Overview

CPX-351 as a Novel Approach for the Treatment of Older Patients With AML and MDS

Status:
Recruiting
Trial end date:
2025-12-01
Target enrollment:
0
Participant gender:
All
Summary
The purpose of this study is to evaluate how effective lower doses of CPX-351 are in older participants with relapsed/refractory acute myeloid leukemia (AML) who are not eligible to receive intensive chemotherapy and in participants with myelodysplastic syndromes (MDS) after Hypomethylating Agents (HMA) failure.
Phase:
Phase 2
Accepts Healthy Volunteers?
No
Details
Lead Sponsor:
Case Comprehensive Cancer Center
Criteria
Inclusion Criteria:

- Primary refractory or relapsed AML (defined by 2016 World Health Organization [WHO]
criteria) patients who are not suitable for or not willing to receive intensive
chemotherapy as evaluated by the treating physician. Primary refractory disease is
defined as:

- Failure to achieve a CR, CRi, or mLFS (defined as <5% Bone Marrow (BM) blasts)
after receiving 1 or 2 cycles of remission induction chemotherapy.

- Failure to achieve a CR, CRi, or MLFS (defined as <5% BM blasts) after receiving
4 cycles of non-intensive chemotherapy or whose disease progressed at any time
point during the treatment.

- Participants with MDS (according to 2016 WHO criteria) who did not respond to
treatment with azacitidine, decitabine, or combination of HMA with another drug or
lost their response to initial therapy with HMA.

- Eastern Cooperative Oncology Group (ECOG) performance status <=2

- Adequate hepatic (serum total bilirubin < 1.5 x ULN, Serum glutamic pyruvic
transaminase (SGPT) and/or serum glutamate oxaloacetate transaminase (SGOT) <2.5 x
ULN) and renal function (creatinine < 1.5mg/dL).

- Participants must be willing and able to review, understand, and provide written
consent before starting therapy.

Exclusion Criteria:

- Active signs or symptoms of central nervous system (CNS) involvement by malignancy
(lumbar puncture [LP] not required).

- Prior 7+3 remission induction chemotherapy for MDS or AML

- More than 2 lines of prior non-intensive therapy.

- New York Heart Association (NYHA) class III or IV heart disease, active ischemia or
any other uncontrolled cardiac condition such as angina pectoris, clinically
significant cardiac arrhythmia on rhythm control strategy or on pacemaker,
uncontrolled hypertension (blood pressure > 160 systolic and > 110 diastolic not
responsive to antihypertensive medication)

- Acute myocardial infarction in the previous 12 weeks (from the start of treatment).

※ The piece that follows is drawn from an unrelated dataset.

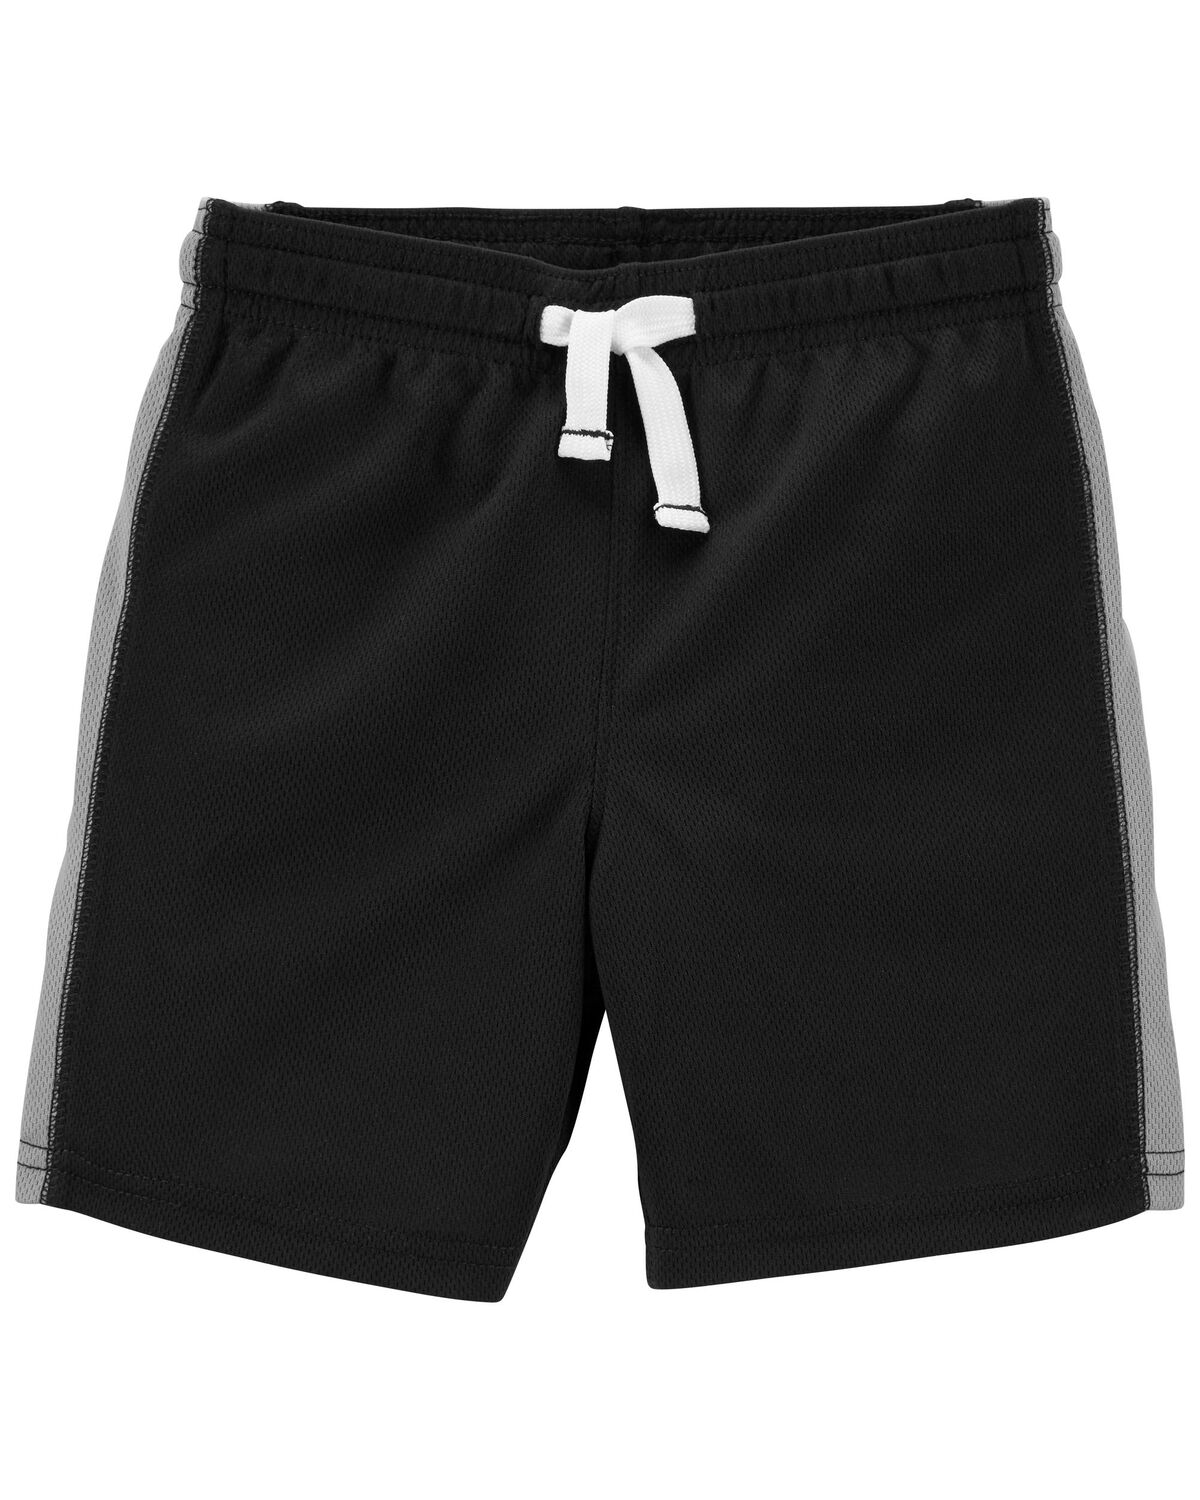 Black Toddler Athletic Mesh Shorts | carters.com

- Any serious medical condition, laboratory abnormality, or psychiatric illness that, in
the view of the treating physician, would place the participant at an unacceptable
risk if he or she were to participate in the study or would prevent that person from
giving informed consent.

- Any active malignancy (unrelated, non-hematological malignancy) diagnosed within the
past 6 months of starting the study drug (other than curatively treated
carcinoma-in-situ of the cervix or non-melanoma skin cancer).

- History of allergic reactions attributed to compounds of similar chemical or biologic
composition to CPX-351.

- Subjects with uncontrolled intercurrent illness including, but not limited to ongoing
or active infection, symptomatic congestive heart failure, unstable angina pectoris,
uncontrolled cardiac arrhythmia, or psychiatric illness/social situations that would
limit compliance with study requirements.

- Known history of HIV or active hepatitis B or C.

- No major surgery within 2 weeks prior to study enrollment.

- Pregnant or breast feeding

- Male and female participants who are fertile who do not agree to use an effective
barrier methods of birth control (i.e. abstinence) to avoid pregnancy while receiving
study treatment and for 30 days after last dose of study treatment. Non-childbearing
is defined as > 1 year postmenopausal or surgically sterilized.